Atrioventricular (AV) septal defects comprise a range of malformations characterized by varying degrees of incomplete development of the inferior portion of the atrial septum, the inferior portion of the ventricular septum, and the AV valves.
These anomalies have also been called endocardial cushion defects and AV septal defects.
The basic defect is a deficiency of the AV septum which separates the left ventricular inlet from the right atrium. It causes anomalies that range in severity from a small ostium primum atrial septal defect to a complete AV septum, which also involves defects in the interventricular septum and the mitral and tricuspid valves.

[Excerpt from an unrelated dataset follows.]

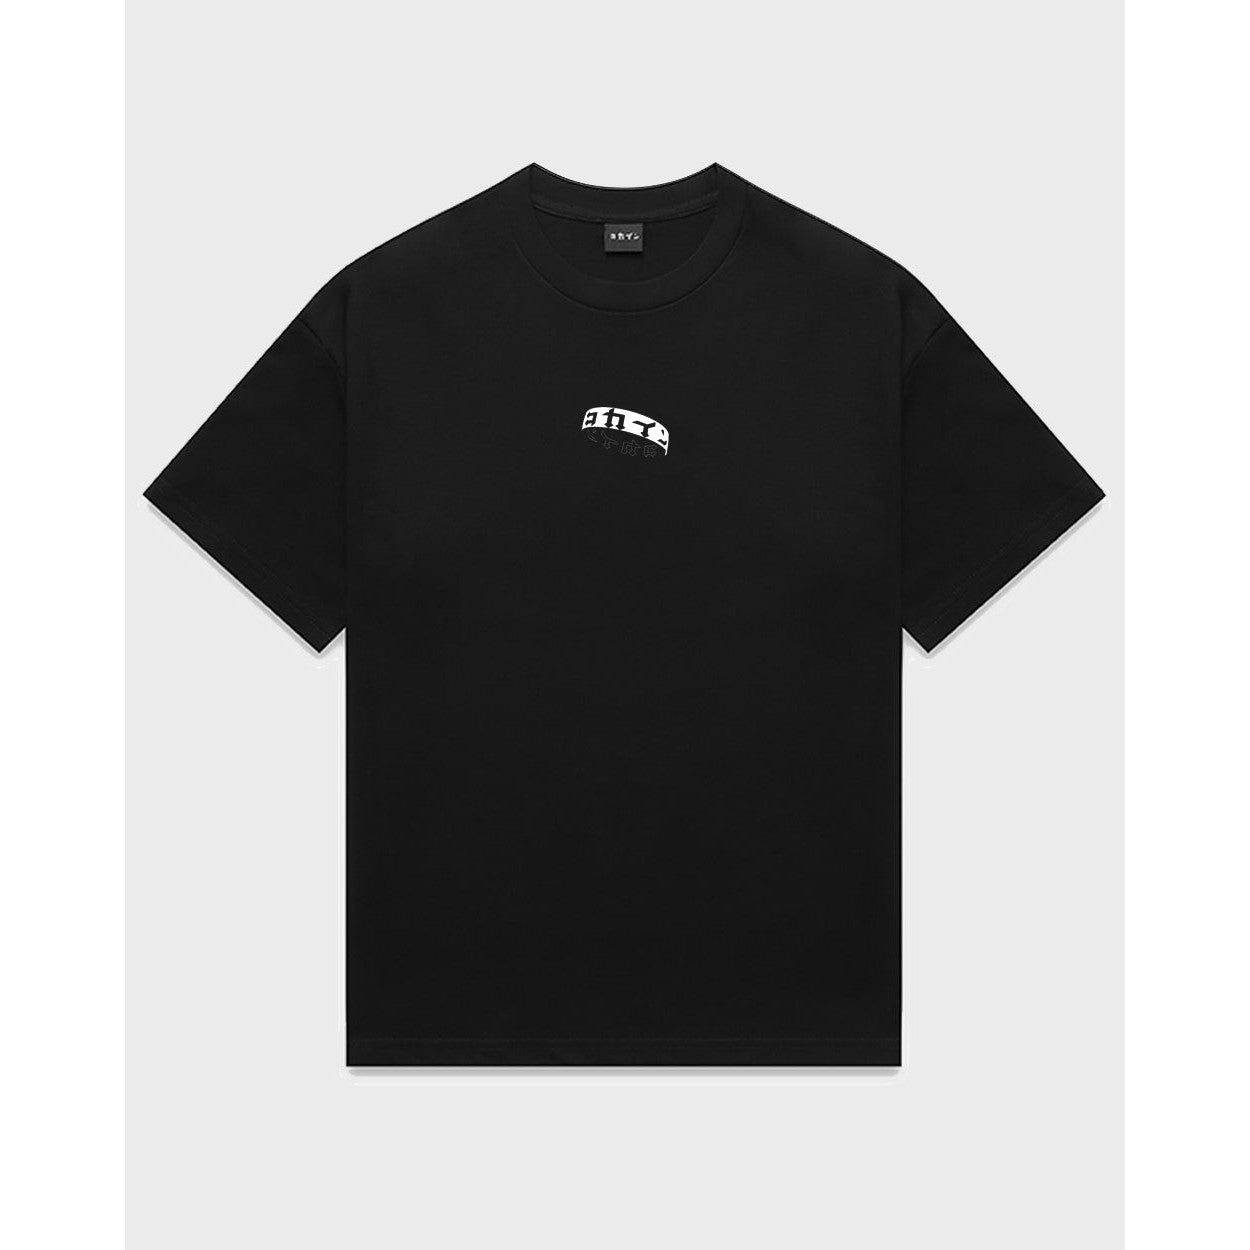 Kokaine - "8 Years" T Shirt (Black)

The atrial septum forms during the embryonic development of the heart. Defects may develop at a number of locations in the wall.
Most commonly the defect involves the foramen ovale, an oval-shaped hole in the wall that is present in all children during the fetal period but closes spontaneously soon after birth. If the foramen ovale is larger than it should be or if the flap of tissue that usually closes it is displaced or deficient, the hole may remain after birth.
Perhaps 25 percent or more of atrial septal defects diagnosed incidentally, because a murmur is heard, or through echocardiography done during infancy, will close spontaneously.
When the child reaches 2 or 3 years of age, most atrial defects that are producing clinical signs (enlarged right heart, substantially increased pulmonary blood flow), although not necessarily symptoms, should be repaired.
An atrioventricular septal defect (canal defect) is usually quite complex, and can be partial or complete.
The complete defect, which is more comon, involves the portion of the heart where that atrial septum (the wall vertically dividing the heart's upper chambers) meets the ventricular septum (separating the heart's lower chambers), as well as the valves - mitral and tricuspid - that divide these chambers horizontally.
Partial defects involve only the lower portion of the atrial septum (called ostium primum atrial septal defect and usually associated with a mitral valve defect) or, rarely, may involve only the ventricular septum, with or without a mitral valve abnormality.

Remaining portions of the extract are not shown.